Otto-Friedrich-Universität Bamberg

Abstract: The paper examines the multi-layered meaning of the journeys in Thomas Mann’s Death in Venice. Within the novella, Gustav von Aschenbach undertakes several journeys at once: a journey in his dream, a „real“ journey to Venice, and finally his last journey to death. The question is how the novella takes up contemporary travel discourses of psychoanalysis, sociology, and literature.

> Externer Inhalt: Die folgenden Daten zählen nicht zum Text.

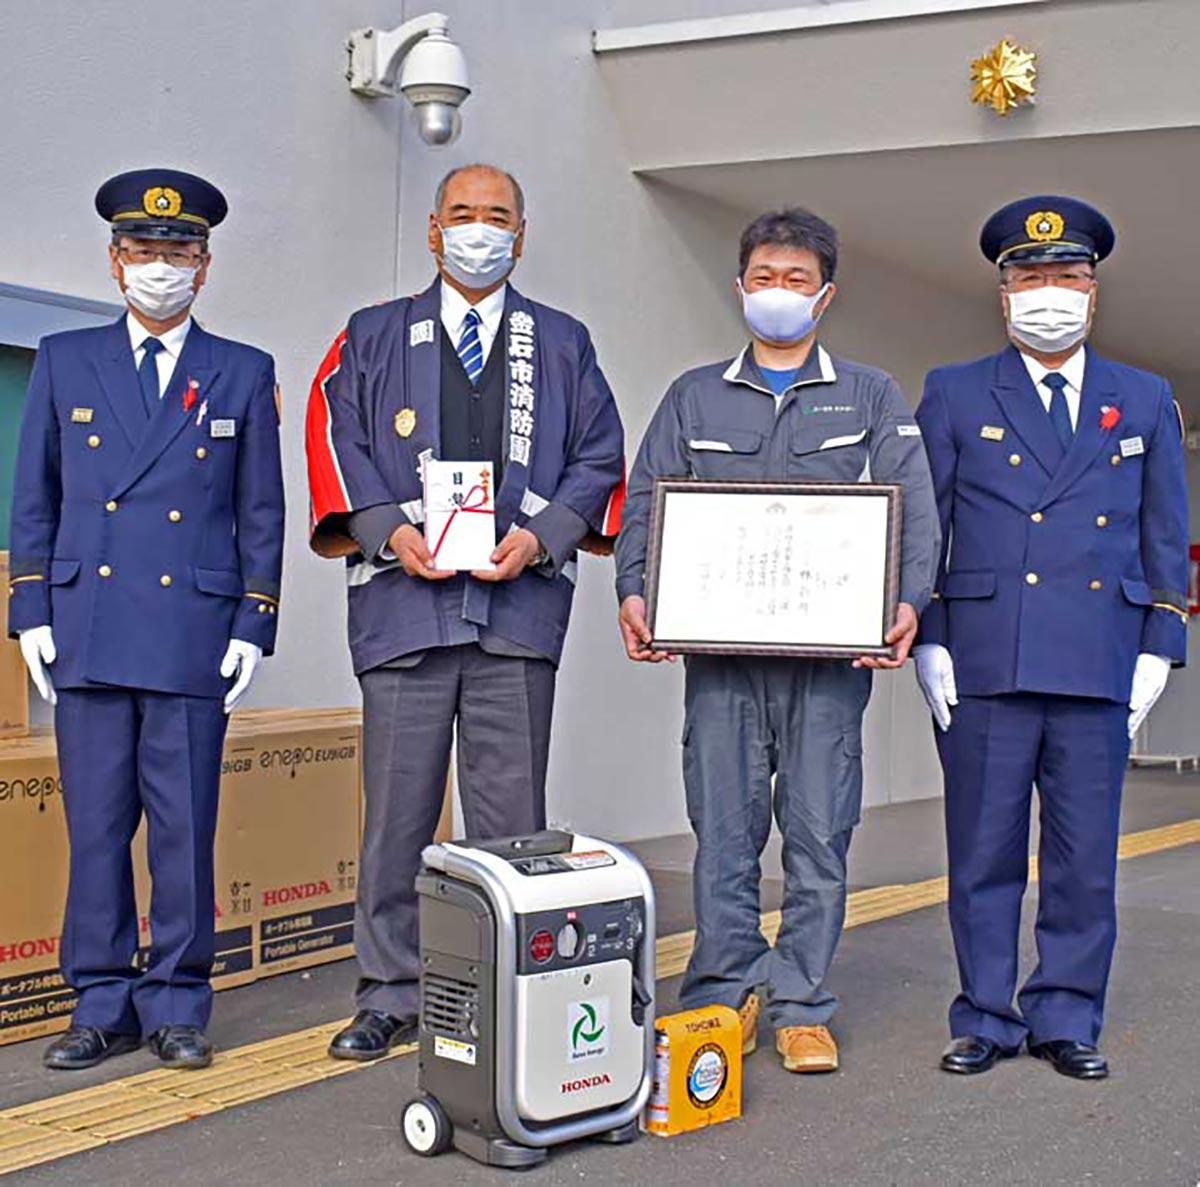 市消防団へ発電機12基を贈り、市長感謝状を受けたユーラスエナジー釜石の奥山さん(右から2人目)

Keywords: Reiselust, Venice, Thomas Mann, psychoanalysis

Thomas Manns Der Tod in Venedig von 1911 ist eine Reisenovelle in mehrfachem Sinn. Ihr Protagonist Gustav von Aschenbach unternimmt gleich drei Reisen: zunächst eine Reise im Traum, dann eine anfangs ziellose Reise, die ihn nach Venedig führt, schließlich seine letzte Reise in den Tod. Tatsächlich verdankt sich die Entstehung der Novelle, so Thomas Mann, einer Ferienreise über Brioni nach Venedig im Spätfrühling 1911.1 Dort, im Hotel des Bains, begegnet er dem jungen Baron Wladyslaw Moes, dem Vorbild des polnischen Knaben Tadzio. Rückblickend führt Mann die Konzeption aller Haupt- und Randfiguren im Tod in Venedig auf die zufälligen Begegnungen und Eindrücke dieser Reise zurück.2 Ungeachtet dieser autobiographischen Anregungen setzt sich die Novelle mit zeitgenössischen Reisediskursen der Psychoanalyse, der Soziologie und der Literatur auseinander.

1 Geträumte Reiselust

Der Protagonist Gustav von Aschenbach erscheint zunächst als Antitypus eines...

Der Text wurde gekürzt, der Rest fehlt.